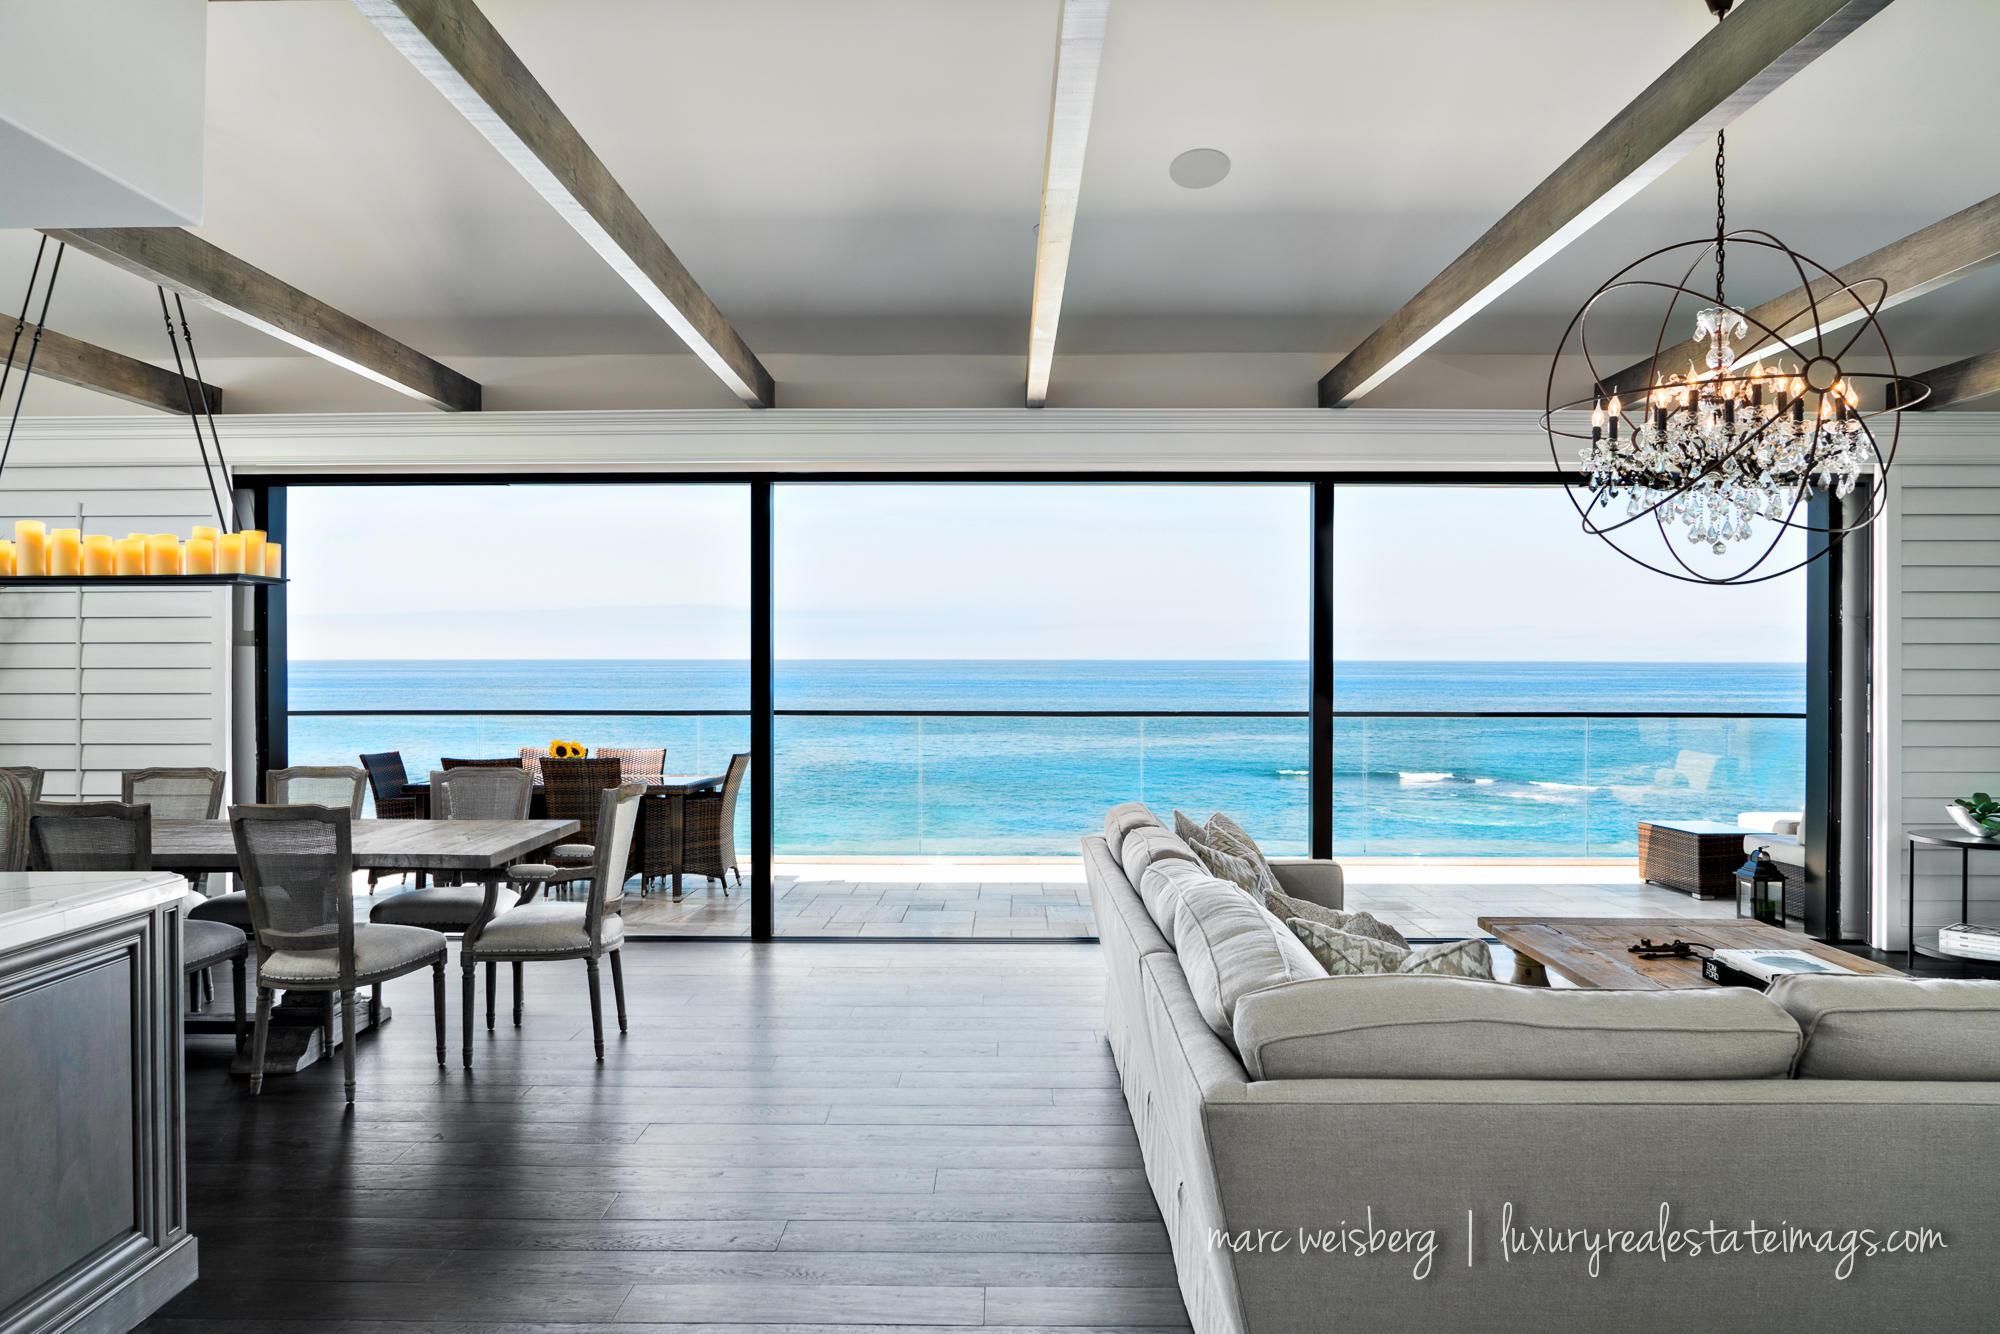 Payton Addison Inc, Interior Design Atelier image 1
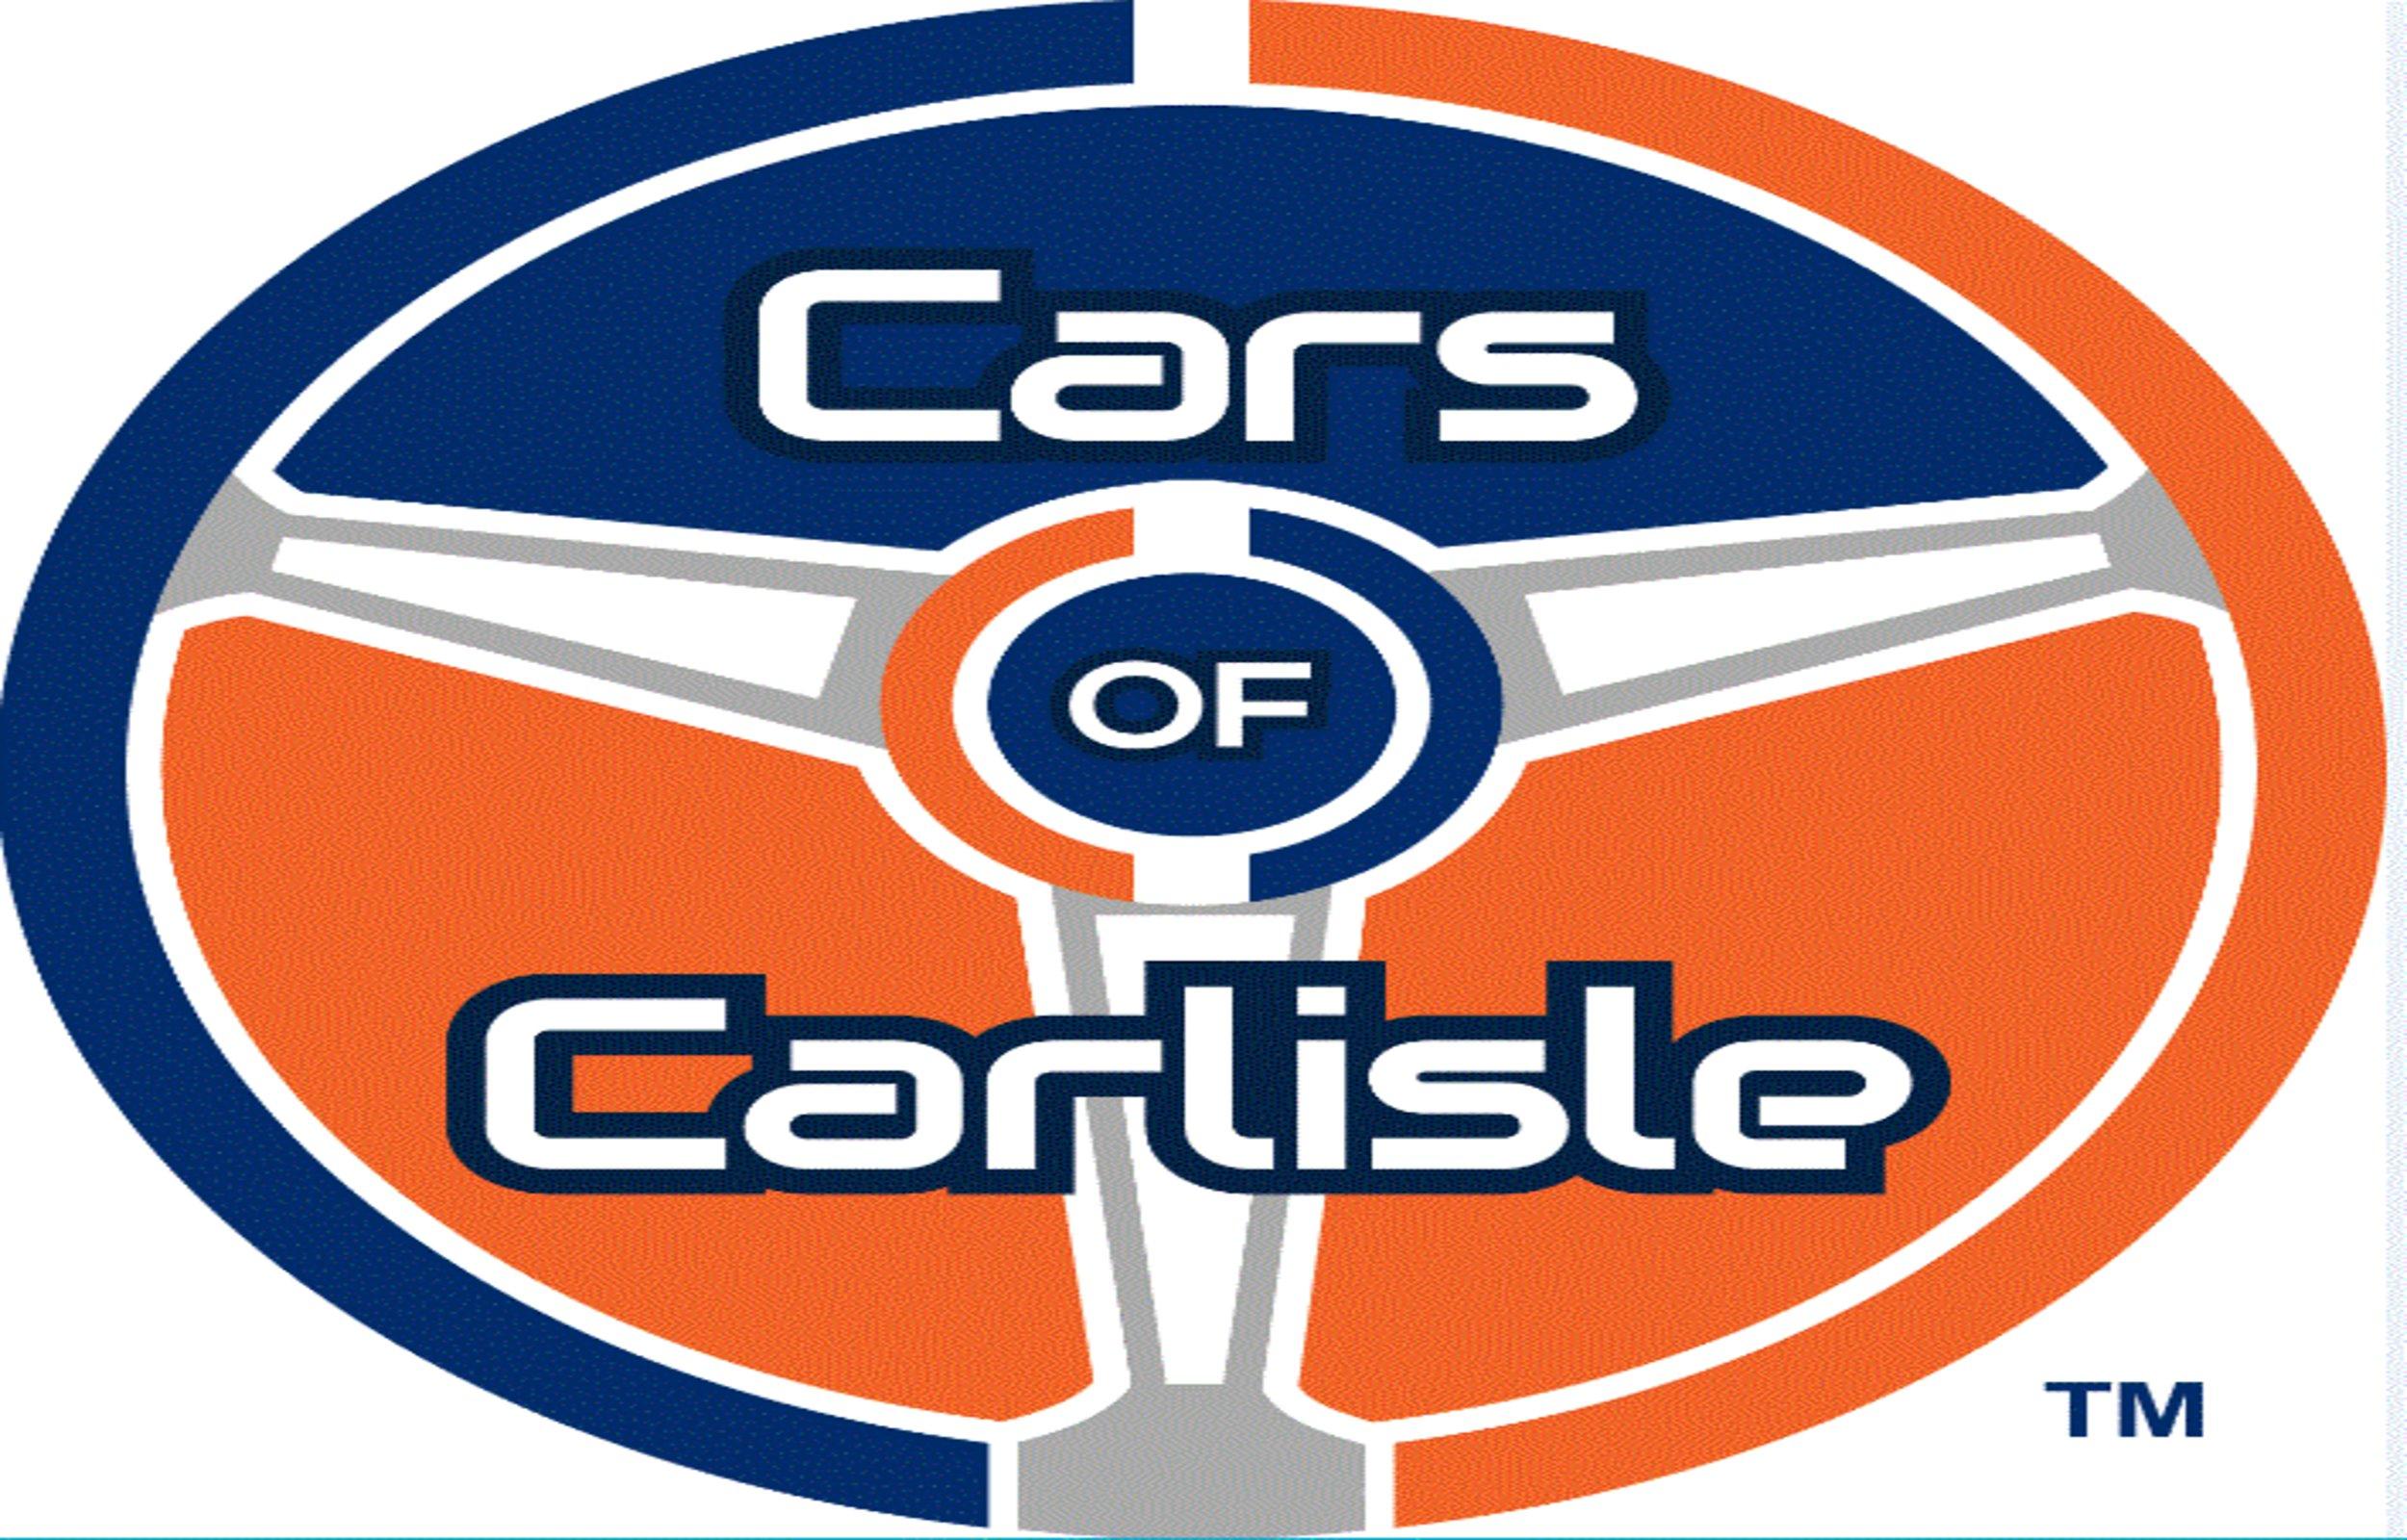 Cars Of Carlisle - Carlisle pa car show 2018
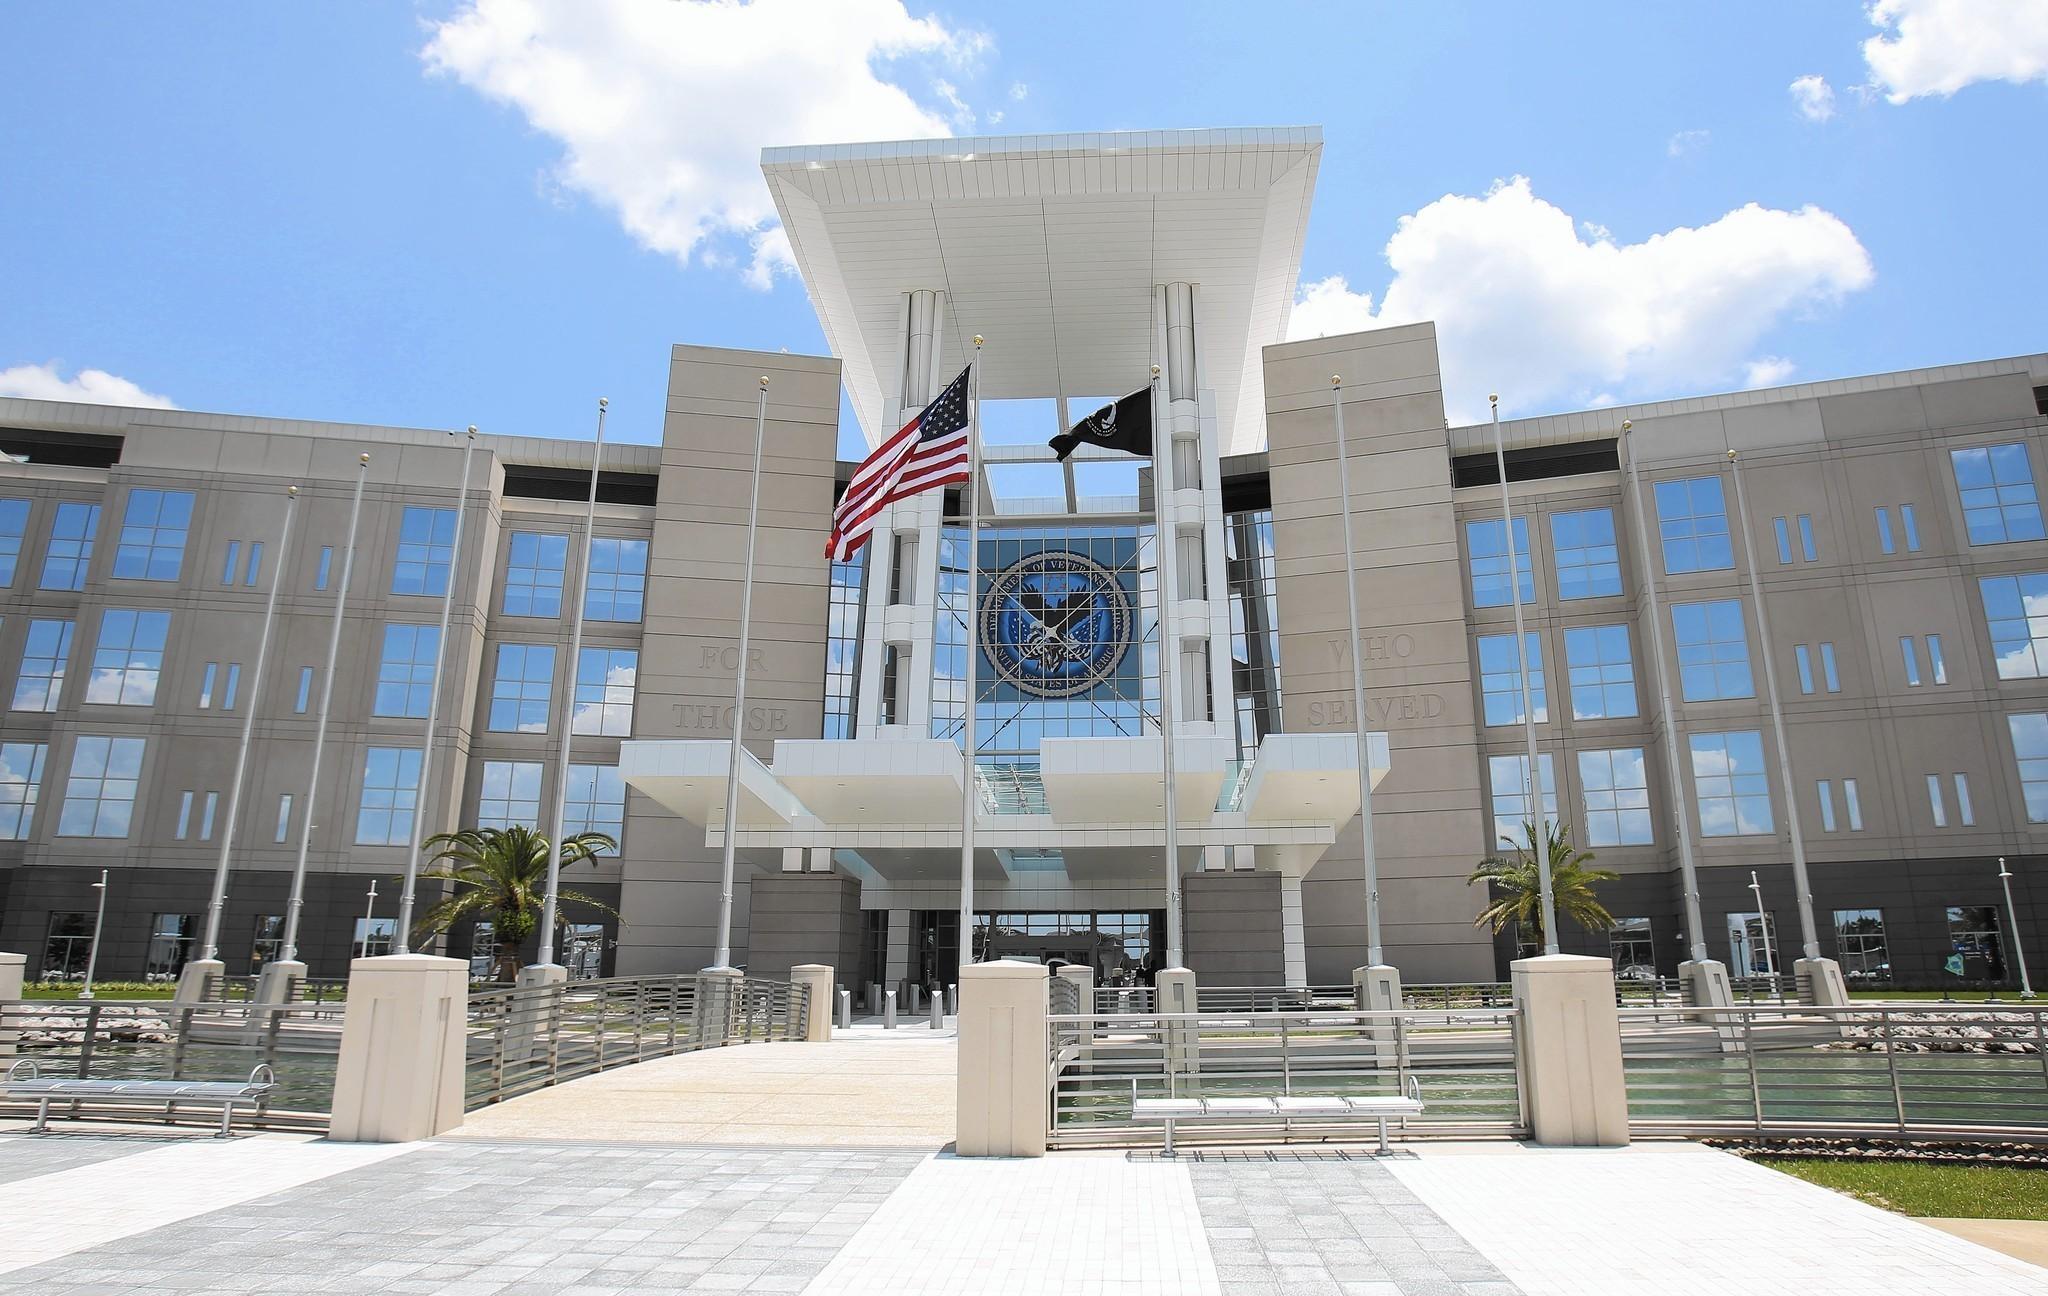 Orlando VA construction problems raise questions - Orlando Sentinel

○ ○ ○ ○ ○

- _What the exercise asks_
Drop the pictures and set down the data above exactly.

- _Response area_
 Payton Addison Inc, Interior Design Atelier image 1
 Cars Of Carlisle - Carlisle pa car show 2018
 Orlando VA construction problems raise questions - Orlando Sentinel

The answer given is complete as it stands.